Luckily my natural memory partially overcame such software updates. But for the hassle of a few minutes with moving blue bars telling me the up to the second status of my update, I was trying to remember what I had to say. Needless to say forgot my main point. Whatever was important has been lost.

Alas, I did have something of note to say about how Kojeve said that the human and its history had ended 207 years ago, but it was forgotten in the blip of a software update. I had something to say about being posthistorical.

But since I have forgotten my point, let me praise what is literally most important in my ears right now. For all Louis CK’s talk of Springsteen’s deep yelling from another faraway place in “Jungleland,” one still ought to experience the need to “Get a Grip” by NRBQ. In fact one ought to experience the entirety of the NRBQ album Scraps simply. Seeing this band live was truly an excellent experience in my life.

But I’ve been over this territory before in earlier posts.

“Are you ready . . . ” “Get a grip . . . ” “Do you feel it? . . . ” How could this Scraps album from the early ‘70s on Buddha Records not have a hit? How could this band with all their great albums and live shows in their entire history not have had one hit? I discovered them in the ‘80s, and I was such a fan that my hand and wrist literally made it into a Musician magazine piece on them (Aerosmith is on the cover, but NRBQ had an extended piece where in the photos you can see my hand!). I know this because a girlfriend at the time had given me a wrist “friendship bracelet,” and it is that particular bracelet and hand showing in the foreground of the band playing.

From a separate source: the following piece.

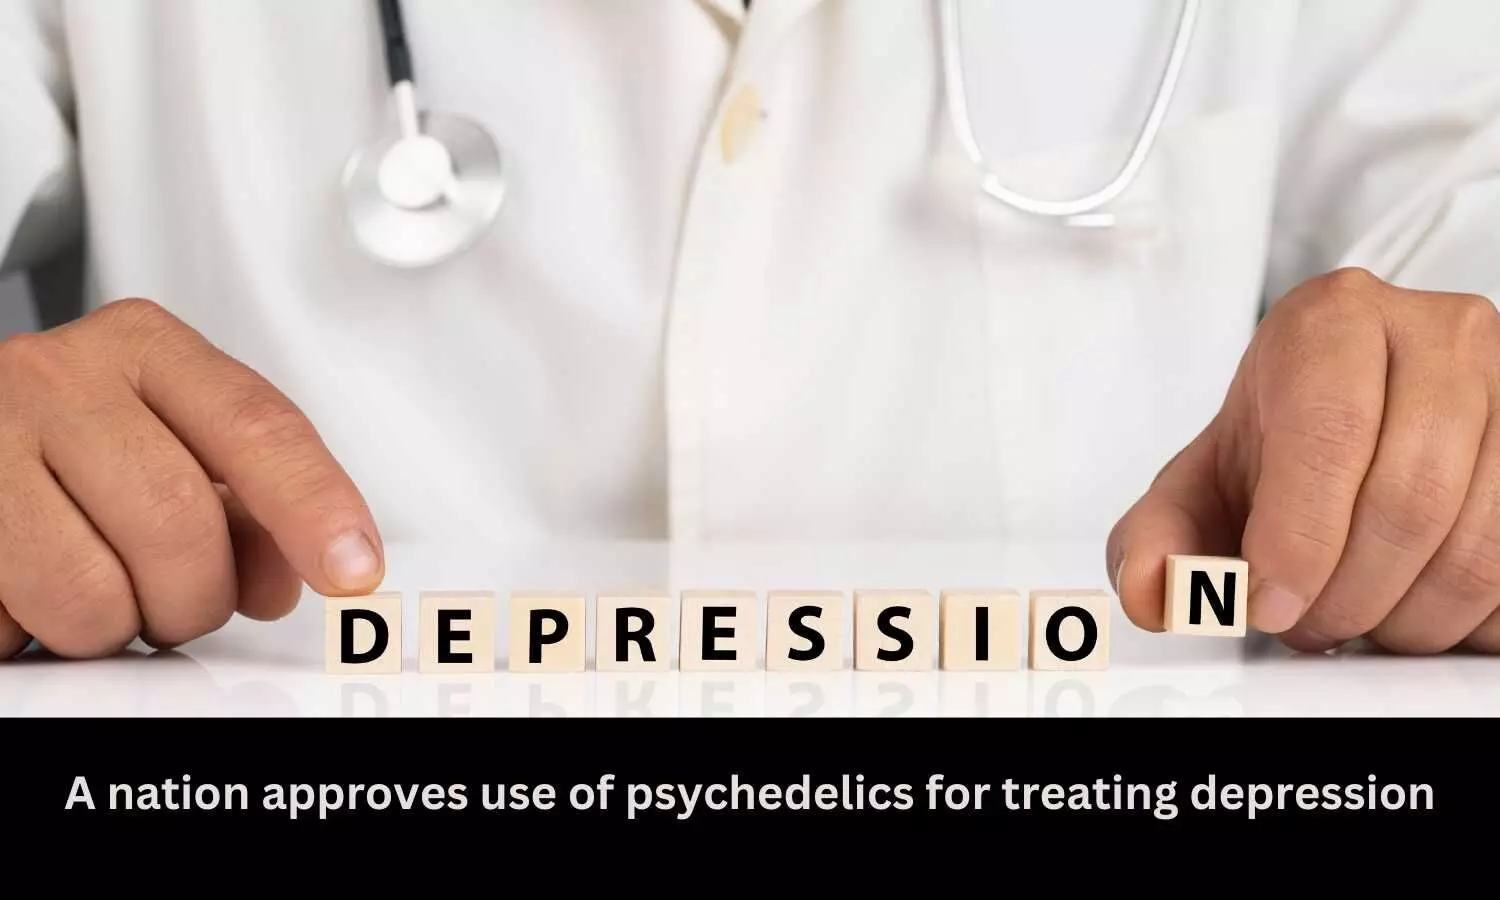 A nation approves use of psychedelics for treating depression

So my hand in photography of Musician magazine must be the inscription left on a time where passion met words, but in which such words did not meet evident deeds. Needless to day I was adrift in doing nothing at the time. And one thing to say for NRBQ is that they excluded themselves from the movements—political and social—that defined their era. Like Peter Lawler’s description of Johnny Carson’s shyness, NRBQ could make good rock ‘n roll without having to put themselves on the line. Usually their songs contained wry observations of the laughable contradictions that good and ordinary Americans often find themselves in.

But then again Terry Adams could sing , “I feel so good, I want you to feel good too.” He meant it too.